Elektrische blues: hoe auto-investeringen ons emissietraject kunnen veranderen

Elektrische blues: hoe auto-investeringen ons emissietraject kunnen veranderen

De auteurs zeggen dat de EV-adoptie in Australië koppig onderaan de ranglijst blijft staan ​​in vergelijking met andere landen, waarbij 0,75% van de verkoop van nieuwe auto’s EV’s zijn. Krediet: Shutterstock

Het subsidiëren van elektrische auto’s en het uitrollen van meer opladers zou Australië kunnen helpen om tegen 2030 de helft van onze nieuwe autoverkopen elektrisch te maken.

Personenauto’s dragen 10 procent bij aan de uitstoot van Australië, en de uitstoot groeit dankzij onze voortdurende liefdesrelatie met utes en SUV’s, en onze bevolkingsgroei.

Om dat om te draaien, de huidige tarieven van elektrisch voertuig [EV] adoptie moet exponentieel toenemen.

Wij zijn van mening dat de helft van de verkoop van nieuwe auto’s tegen 2030 elektrisch moet zijn als de sector personenauto’s tegen 2050 een netto-nuluitstoot wil bereiken.

Maar in vergelijking met andere OESO-landen blijft de adoptie van elektrische auto’s in Australië koppig onderaan de ranglijst staan, waarbij 0,75 procent van de verkoop van nieuwe auto’s EV’s zijn.

Aan de andere kant is Noorwegen, waar EV’s in 2020 driekwart van de nieuwe autoverkopen vertegenwoordigden, gevolgd door IJsland met de helft van de nieuwe verkopen en Zweden met een derde van de nieuwe verkopen.

Dus, wat kan er worden gedaan om de voor de hand liggende hindernissen te overwinnen, zoals de noodzaak van oplaadinfrastructuur om ons uitgestrekte continent te bedienen, de veel hogere aankoopprijs van EV’s in vergelijking met auto’s op fossiele brandstof, en een gebrek aan keuze en beschikbaarheid?

We stellen voor dat er kosteneffectieve oplossingen zijn met beleid dat regeringen zouden kunnen aannemen om de zorgen van Australische automobilisten weg te nemen en de verkoop van EV’s aan te moedigen.
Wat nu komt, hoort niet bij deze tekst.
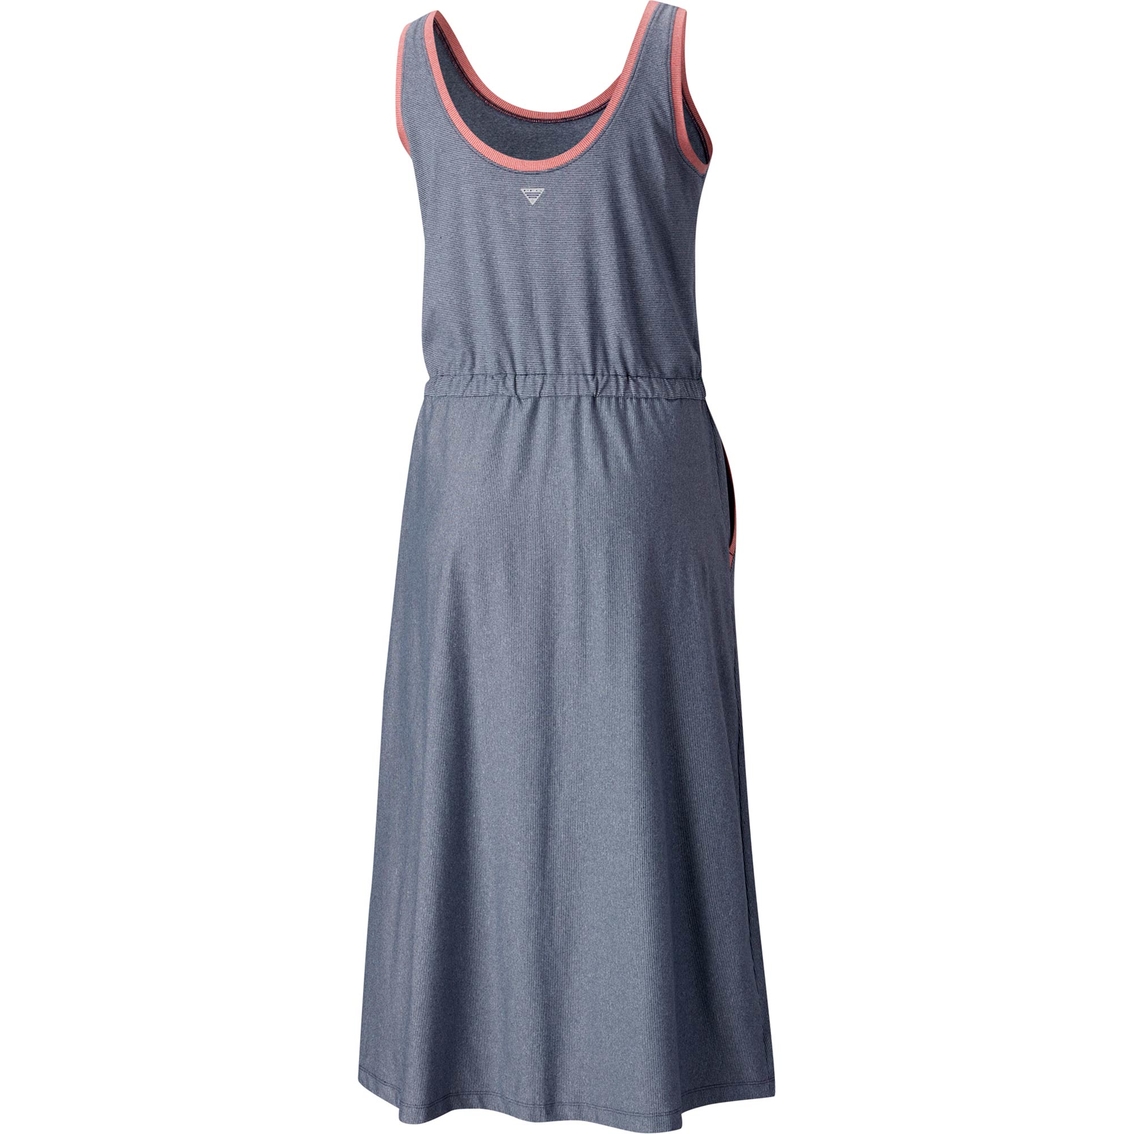 Columbia Reel Relaxed Dress - Image 2 of 2

Cruciaal is dat overheidsuitgaven gerechtvaardigd kunnen zijn en dat er besparingen zouden zijn op andere gebieden van de economie, zoals gezondheidskosten en vermindering van de invoer van brandstof.

Rol meer opladers uit

De belangrijkste actie die regeringen kunnen nemen, is het ondersteunen van en investeren in de uitrol van voldoende opladers om ervoor te zorgen dat er voldoende openbare opladers zijn naarmate het wagenpark van elektrische voertuigen groeit.

Zonder die steun, naast enige particuliere investering, zou een derde van de automobilisten hun auto op fossiele brandstof waarschijnlijk niet inruilen voor een elektrische auto.

In een dergelijk scenario zou Australië tegen 2050 geen netto-nuluitstoot kunnen bereiken voor het vervoer van personenauto’s.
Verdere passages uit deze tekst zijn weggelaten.